Calon pengantin laki-laki dan perempuan mempertemukan visi, motivasi, persepsi, dan harapan masing-masing, sehingga mendapatkan kecocokan sejak masa ta’aruf. Hal-hal penting dan mendasar, seperti nilai-nilai Islam dalam kehidupan, harus menjadi acuan utama. Standar tentang benar salah, halal haram, boleh tidak boleh, semua harus didasarkan kepada ajaran agama. Dengan demikian, pembahasan di saat ta’aruf tidak lagi membuat definisi dan standar tentang nilai-nilai, namun lebih kepada penjabaran dalam aspek teknisnya.

Misalnya dalam mendefinisikan teknis tentang ‘hidup sederhana’. Karena standar kehidupan sosial ekonomi mereka berdua yang berbeda jauh selama ini, maka perlu membahas definisi yang lebih teknis operasional tentang makna sederhana. Rumah sederhana, makan sederhana, kendaraan sederhana, pakaian sederhana, hidup sederhana, itu yang seperti apa? Tentu saja, semua akan bisa berkembang kelak, sesuai dengan situasi dan kondisi yang akan terus berubah. Namun paling tidak, dalam pembahasan saat ta’aruf hal-hal seperti itu sudah bisa mendapatkan jawaban yang menenteramkan kedua belah pihak.

Pernyataan dari kedua belah pihak saat ta’aruf, untuk bersedia memiliki sifat kelenturan dalam adaptasi, dan bersedia untuk memiliki titik temu dalam standar kehidupan, menjadi modal penting untuk menjalani kehidupan berumah tangga. Jika kedua belah pihak sudah merasa cocok, merasa mendapatkan titik temu dari berbagai macam hal, maka bisa dilanjutkan ke langkah berikutnya menuju jenjang pernikahan. Namun jika masih ragu, tidak ada kenyamanan, tidak menemukan kepastian, maka belum cukup alasan untuk meneruskan ke jenjang pernikahan. Menikah baru bisa dilakukan dalam situasi kedua belah pihak merasa mantap dan yakin.

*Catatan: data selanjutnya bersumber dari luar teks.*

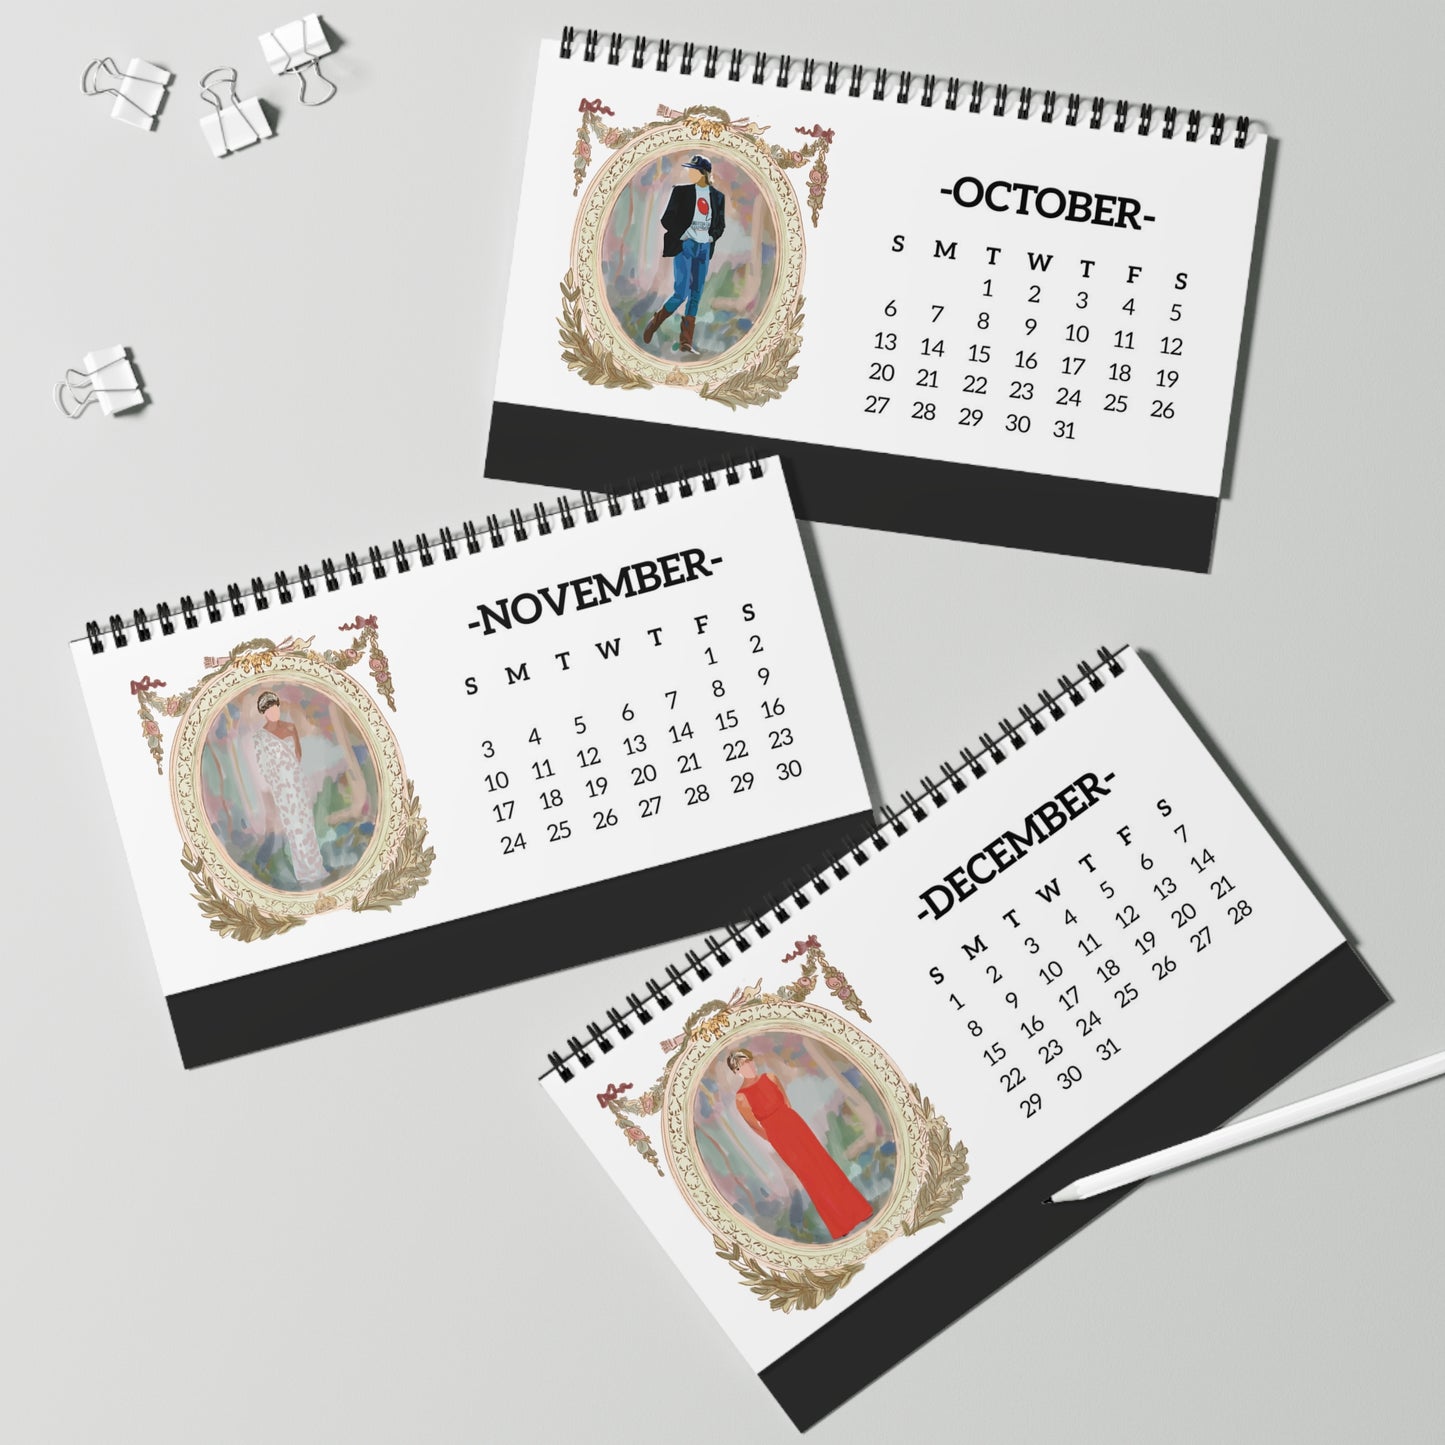 Princess Diana Desk Calendar

Mumpung masih ta’aruf dan belum melaksanakan akad nikah, maka masih ada opsi untuk lanjut ke jenjang pernikahan atau mengakhiri proses ta’aruf dan tidak meneruskan ke jenjang pernikahan. Namun jika sudah mantap dan yakin, bismillah, lanjutkan segera ke jenjang pernikahan. Dengan niat ikhlas, motivasi yang tulus untuk ibadah, serta visi surga, insyaallah keluarga yang dibangun akan harmonis dan bahagia, walau memiliki perbedaan sangat ekstrem dari latar belakang sosial ekonomi mereka.